So, what exactly is an optical lattice clock? An optical lattice is basically a grid of intersecting laser beams meeting in the right places and at the right angles to create a pattern of dips or depressions along a flat plane. An atom, strontium in this case, can be confined to one of these depressions in the sense that escaping requires some amount of extra energy, like eggs in an egg carton. In the JILA clock, many thousands of atoms are confined in this way.

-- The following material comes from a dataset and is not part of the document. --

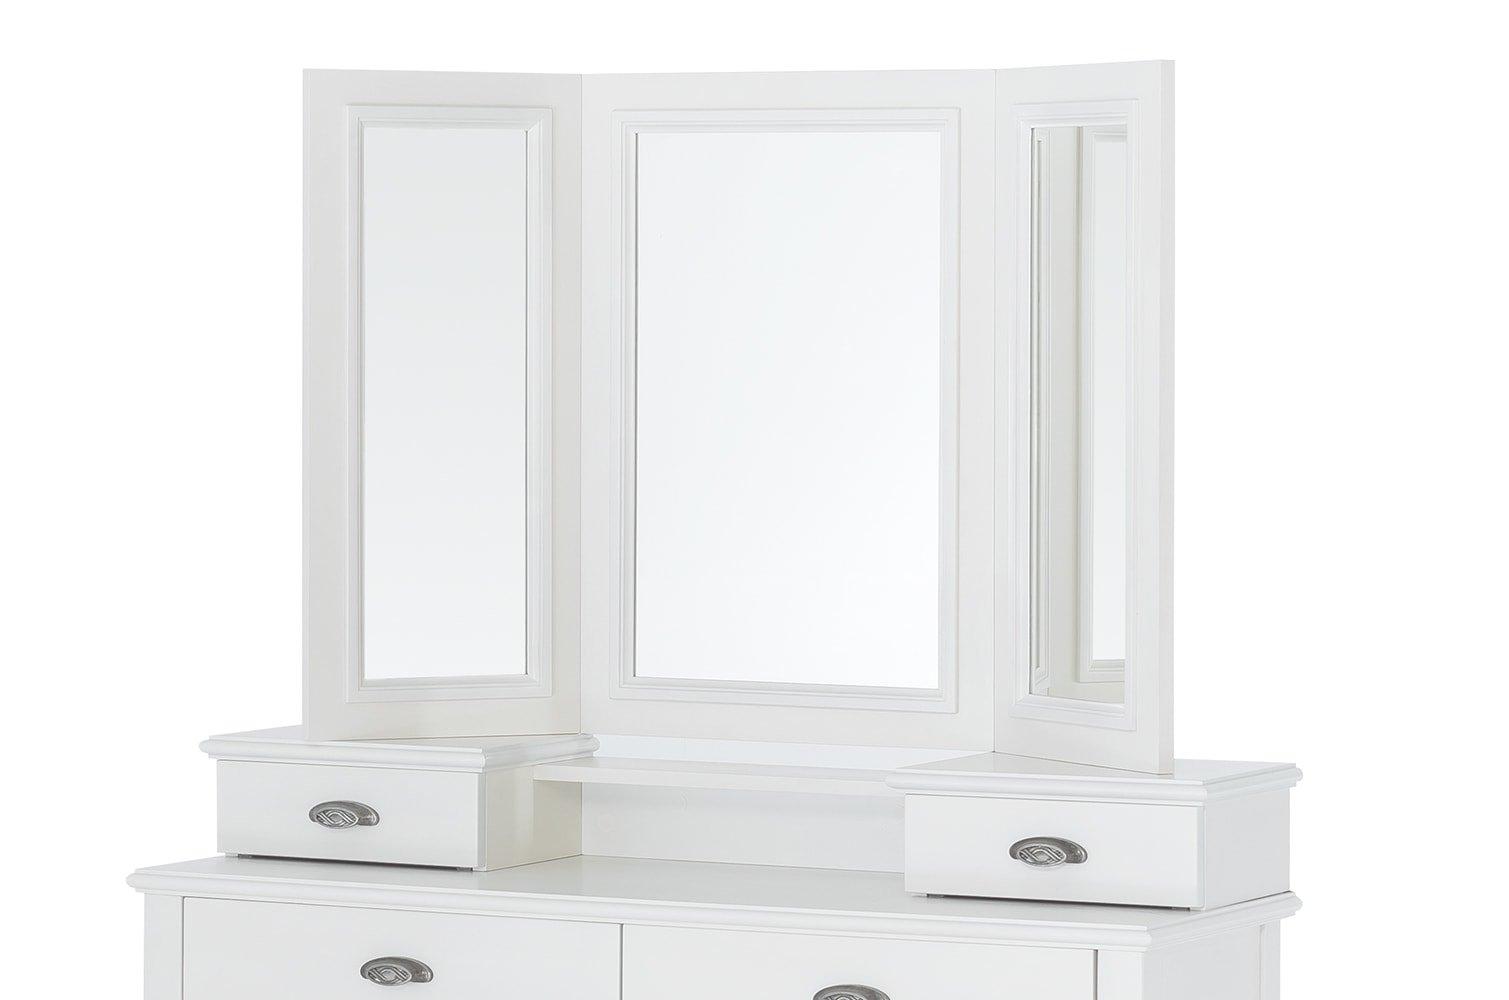 Oglinda decorativa din furnir si pal Madison 25 Alb, L112xl72 cm imagine

"JILA's strontium lattice atomic clock now performs better than ever because scientists literally take the temperature of the atoms' environment. Two specialized thermometers, calibrated by NIST researchers and visible in the center of the photo, are inserted into the vacuum chamber containing a cloud of ultracold strontium atoms confined by lasers." Credit: Marti/National Institute of Standards and Technology

Surrounding any atom are some number of electrons, which "orbit" around the atomic nucleus in different layers or shells corresponding to the varying energy levels of the electrons. In the innermost shell, we'd find the lowest energy electrons and in every shell moving outwards we'd find increasing electron energies. These shells are discrete (quantized), which means that there's no fuzziness in between. It's possible to excite an electron such that it jumps up to the next shell by firing some photons (electromagnetic radiation) at it, but, because there are no in-between energy levels, the only time electrons will actually absorb this radiation is if it's just the right amount to elevate it to the next one. There's no saving those photons for later.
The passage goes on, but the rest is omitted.